**Activity**
From start to end, write out the following data exactly, apart from its images.

**Given information**

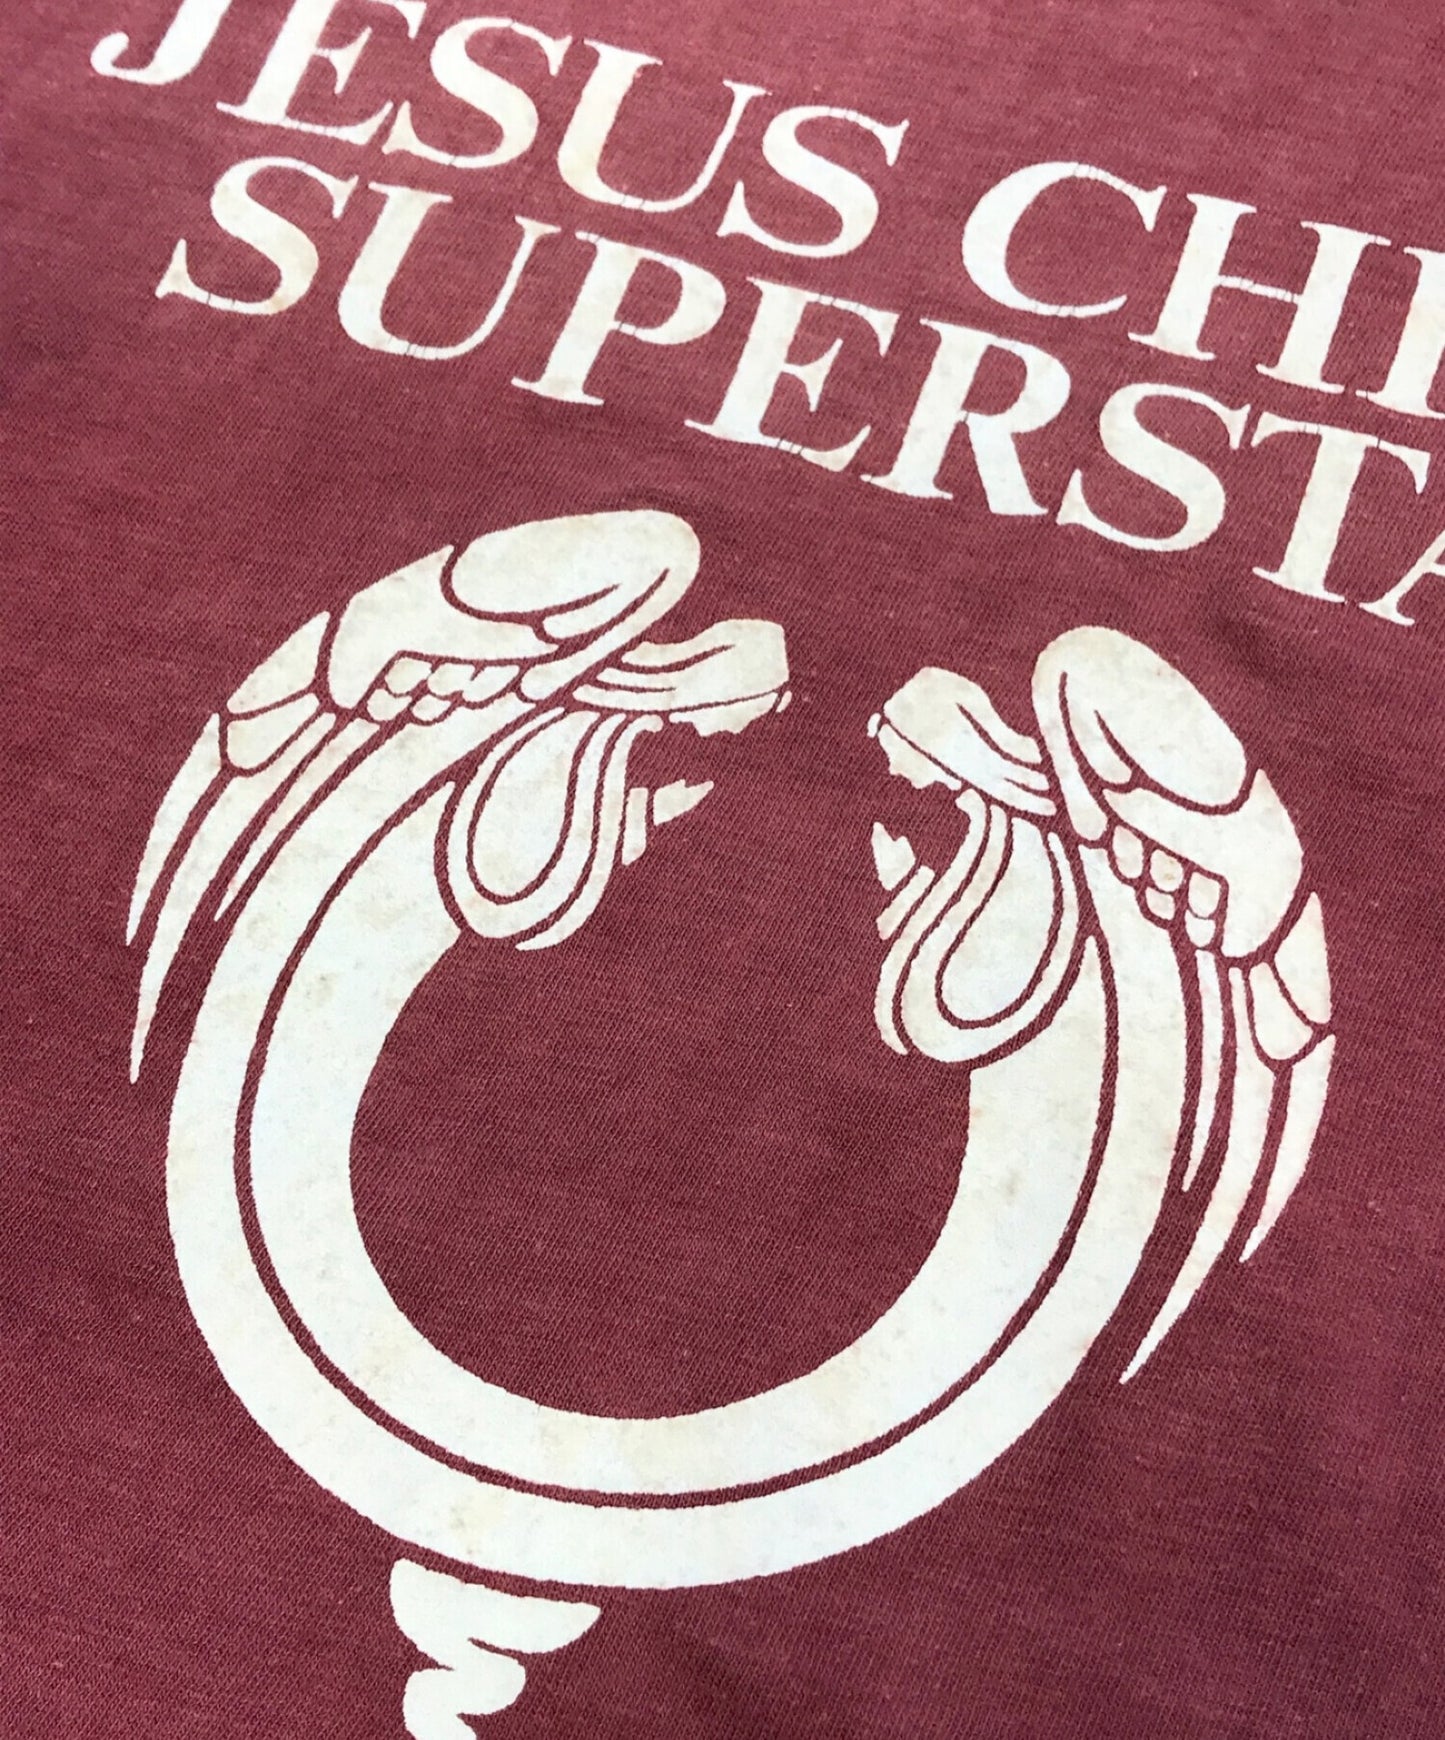 [Pre-owned] VINTAGE SHOWCO SOUND T-Shirt 70's JESUS CHRIST SUPERSTAR
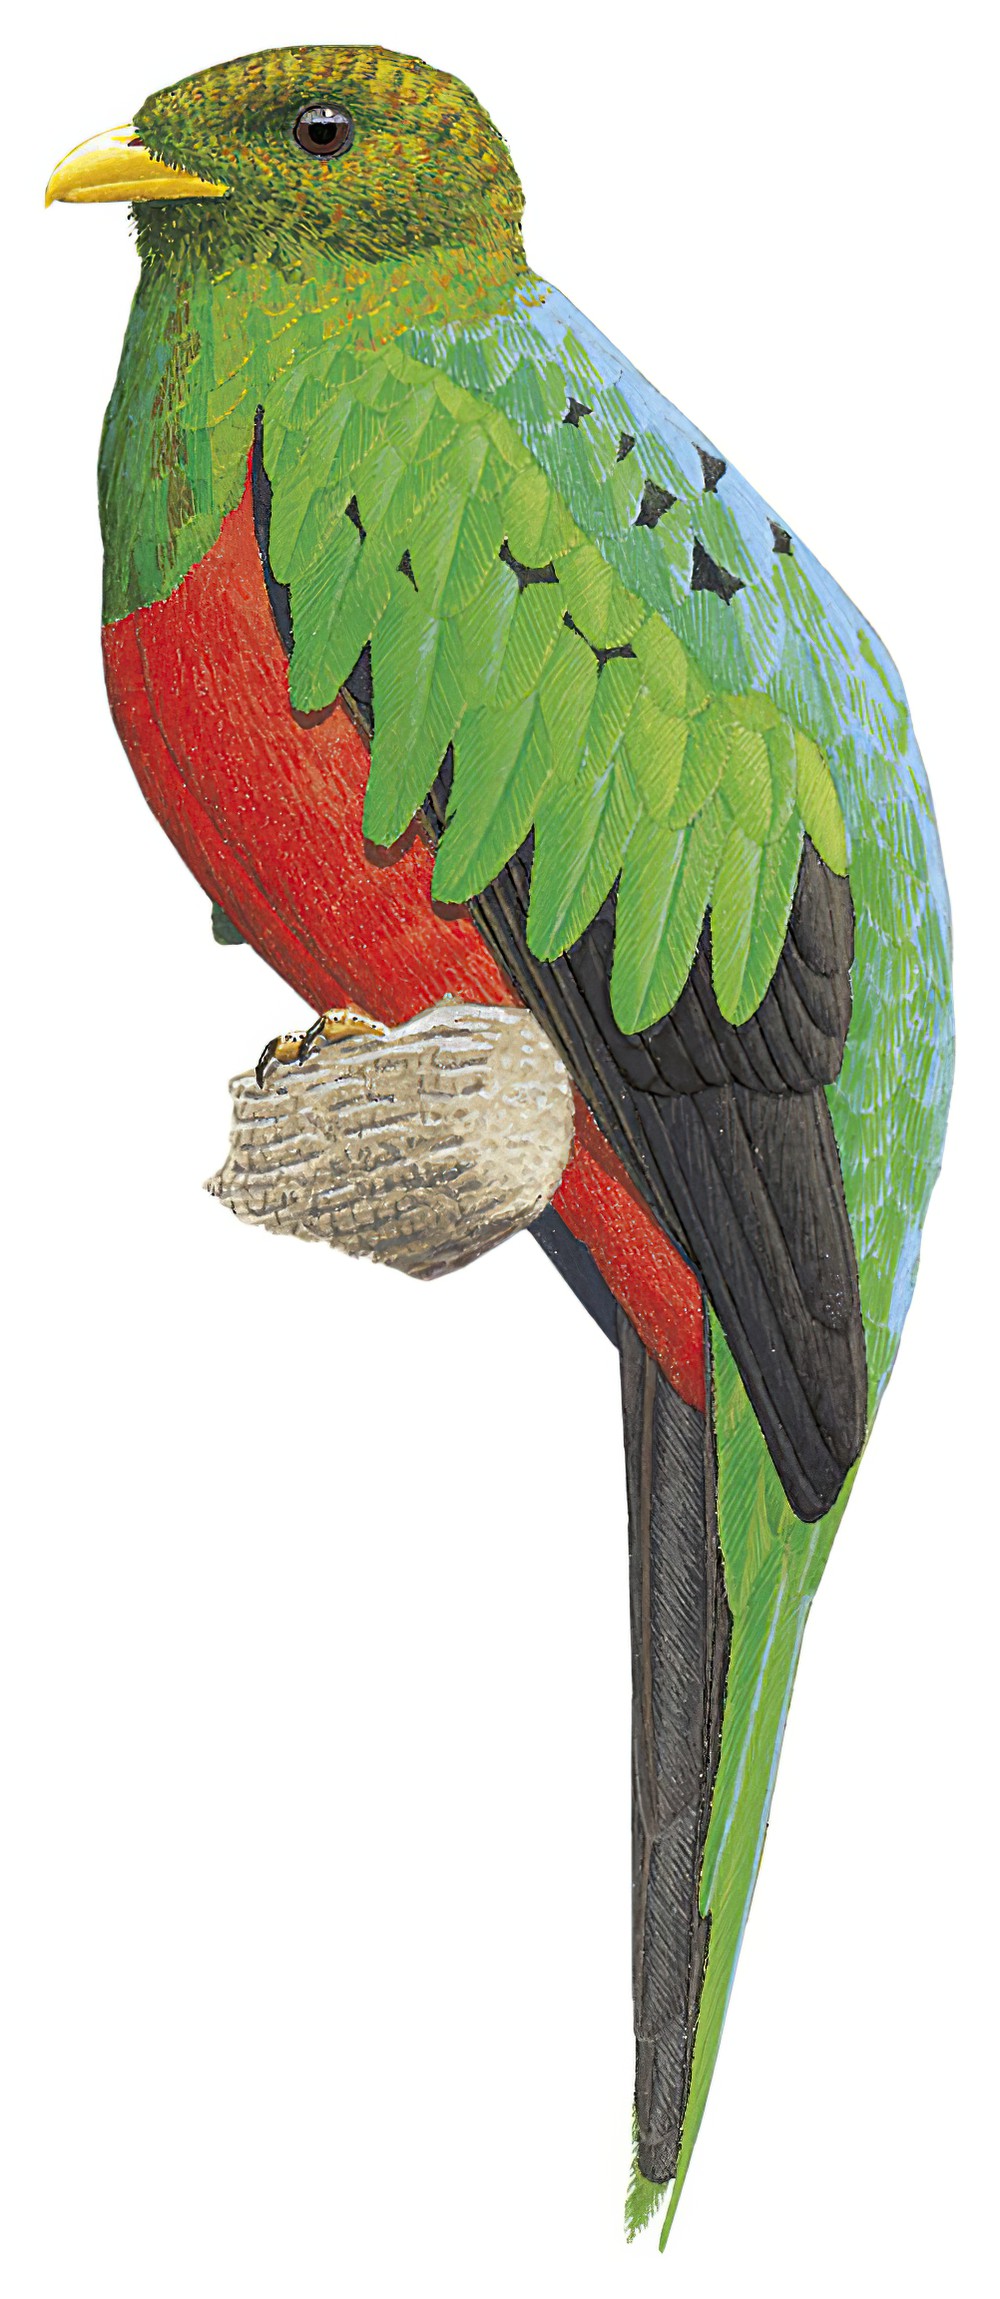 Golden-headed Quetzal / Pharomachrus auriceps
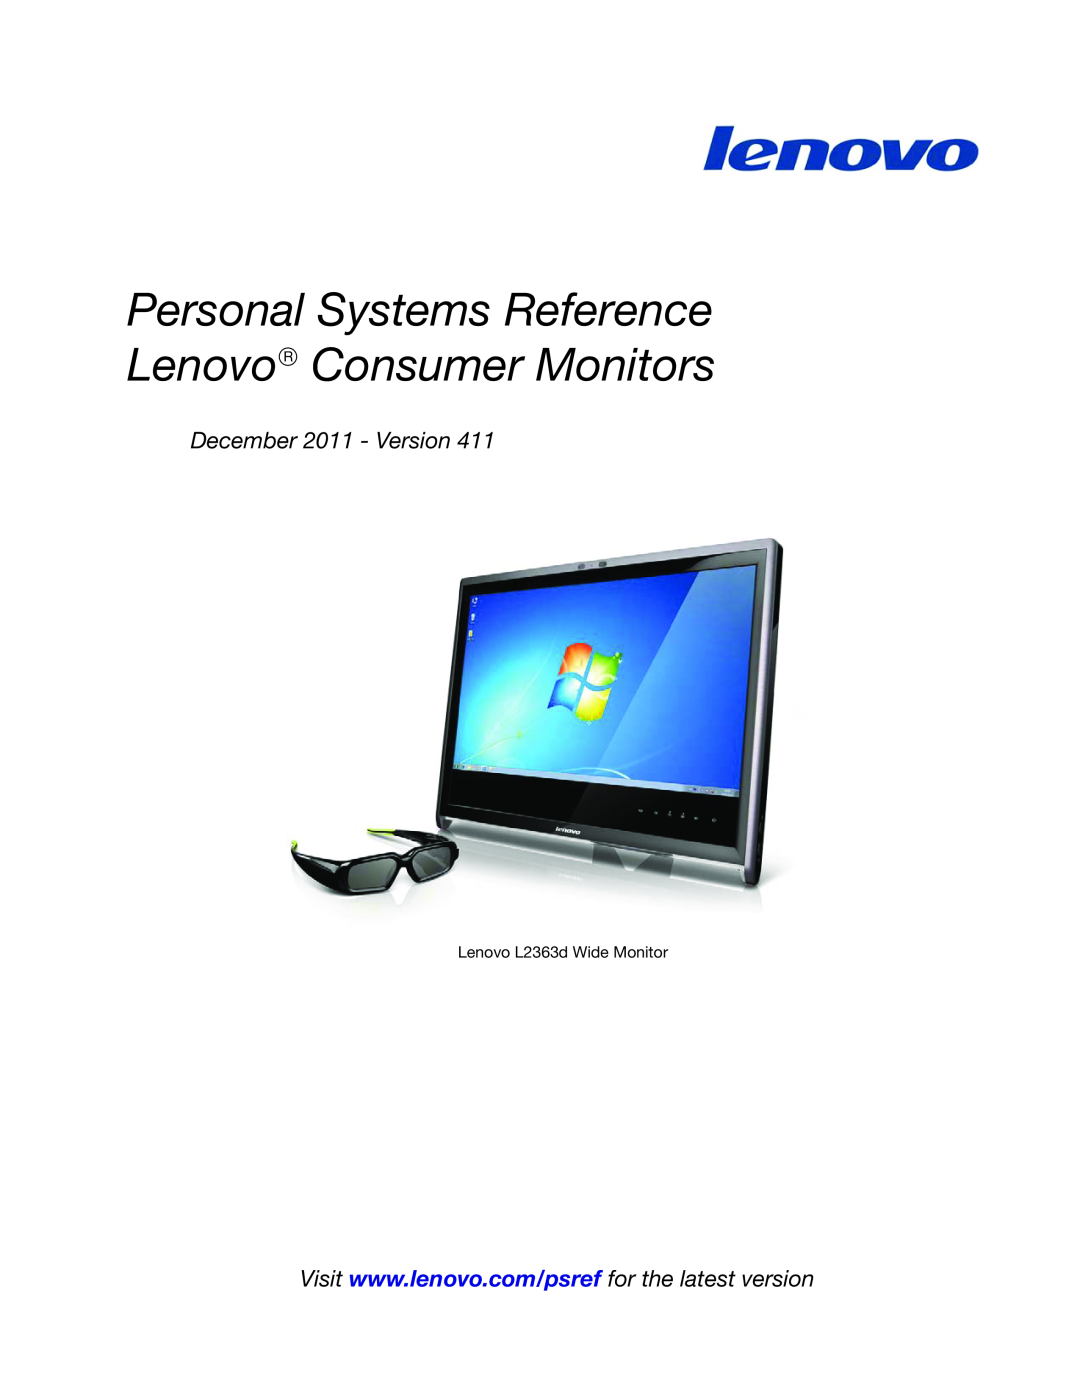 Lenovo L2363D manual Personal Systems Reference, Lenovo→ Consumer Monitors 2005 -2012Withdrawn, Lenovo L2363d Wide Monitor

**Exercise result**
 [Pre-owned] VINTAGE SHOWCO SOUND T-Shirt 70's JESUS CHRIST SUPERSTAR
 Golden-headed Quetzal / Pharomachrus auriceps
 Lenovo L2363D manual Personal Systems Reference, Lenovo→ Consumer Monitors 2005 -2012Withdrawn, Lenovo L2363d Wide Monitor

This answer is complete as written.